I have a data structure
record IdentityPreservingMorphism domain codomain where
constructor MkMorphismOfMonoids
func : domain -> codomain
funcRespId : (Monoid domain, Monoid codomain) => func (Algebra.neutral) = Algebra.neutral
which just says that an IdentityPreservingMorphism is a morphism between monoids which needs to respect the identity.
I'm trying to prove that the identity morphisms is an IdentityPreservingMorphism
monoidIdentity : Monoid m => MorphismOfMonoids m m
monoidIdentity = MkMorphismOfMonoids
id
?respId
The easy shot for ?respId at Refl does not work because there are too many Monoid instances available. How can I tell the compiler that I would like to use only the instance coming from the monoidIdentity definition?
The "proper" solution to this requires (1) writing a proof of a form (m1 : Monoid m, m2 : Monoid m) => m1 = m2 and 2) being able to reify the two Monoid implementations from funcRespId to feed them into step 1. While the former can be simulated with a postulate/assert, it's the latter step that becomes problematic, which is probably related to https://github.com/idris-lang/Idris-dev/issues/4591.
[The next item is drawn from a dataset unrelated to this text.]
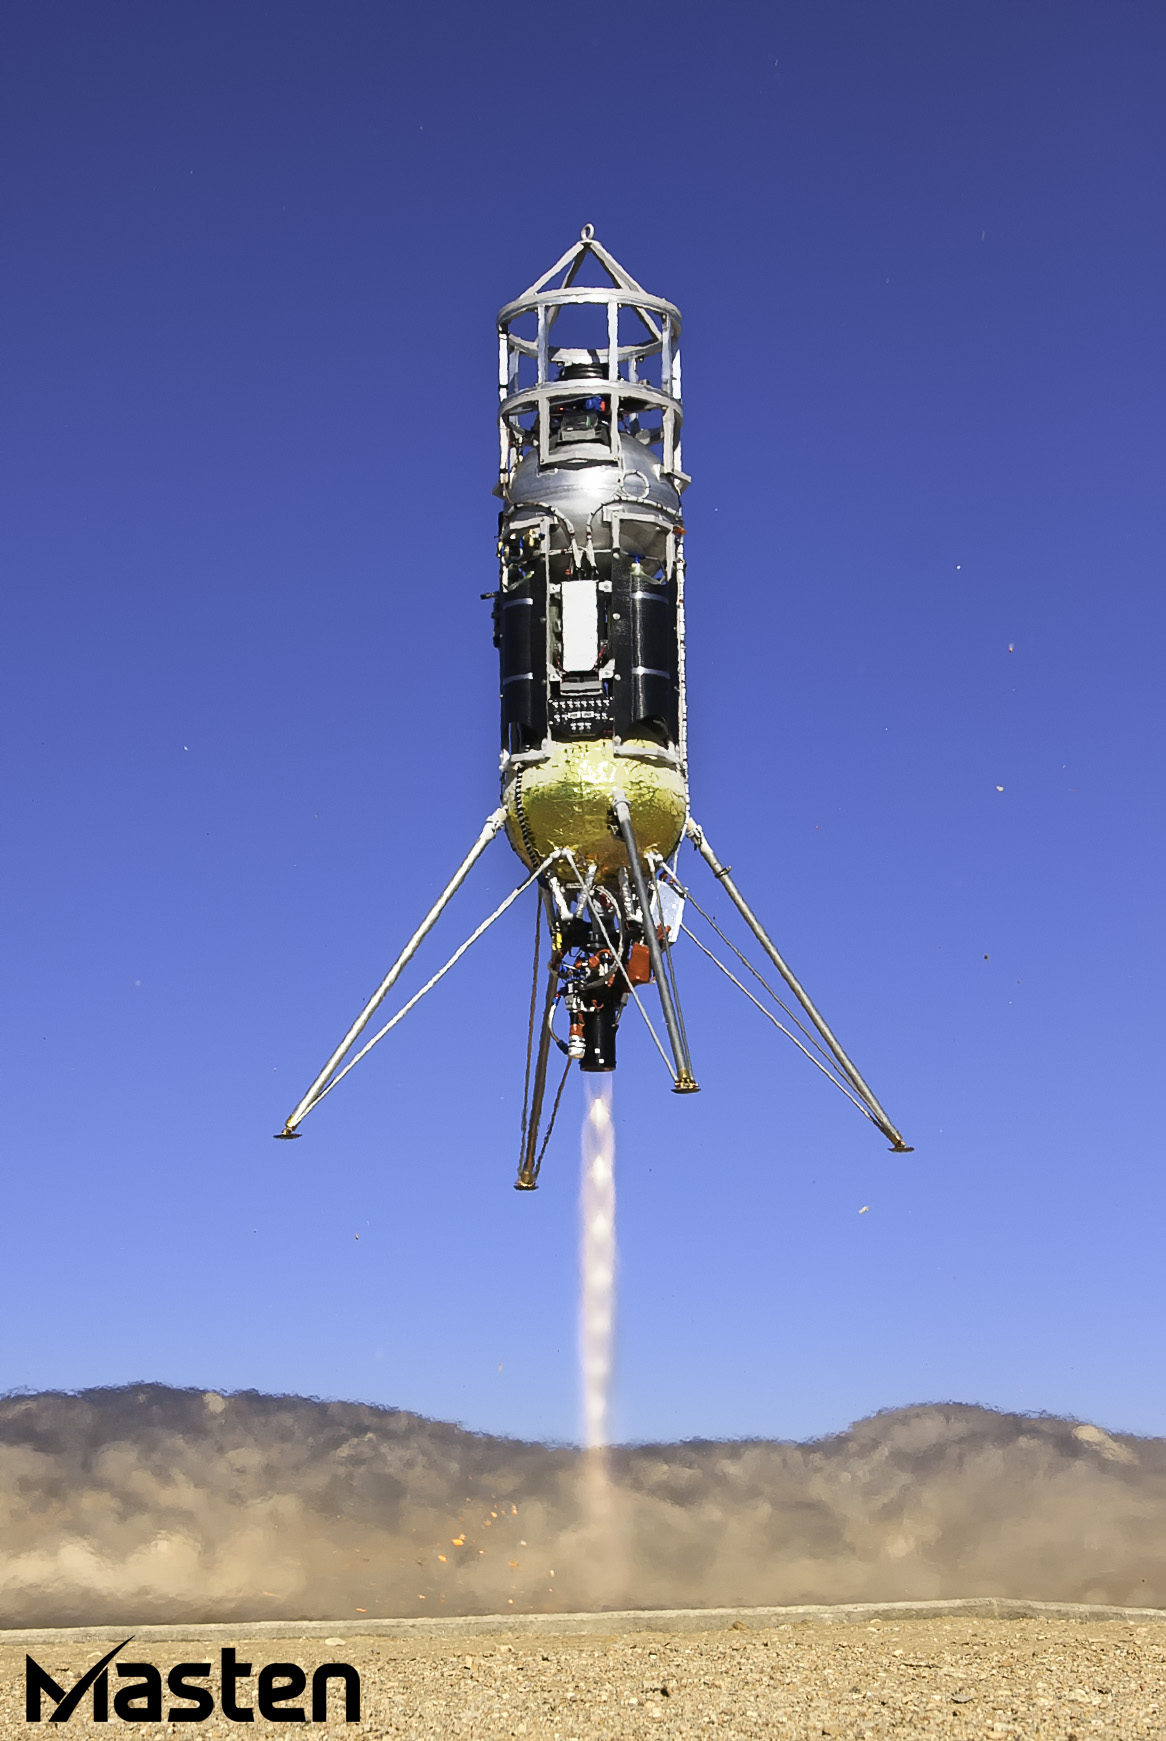 Xodiac is the newest addition to the Masten fleet of Vertical Takeoff Vertical Landing (VTVL) rockets and is the 5th version of this platform. With over a decade of experience in precision rocket land

A simpler workaround is to trivialize reification by storing implementations directly in the record:
record MorphismOfMonoids domain codomain where
constructor MkMorphismOfMonoids
func : domain -> codomain
mon1 : Monoid domain
mon2 : Monoid codomain
funcRespId : func (Algebra.neutral @{mon1}) = Algebra.neutral @{mon2}
monoidIdentity : Monoid m => MorphismOfMonoids m m
monoidIdentity @{mon} = MkMorphismOfMonoids id mon mon Refl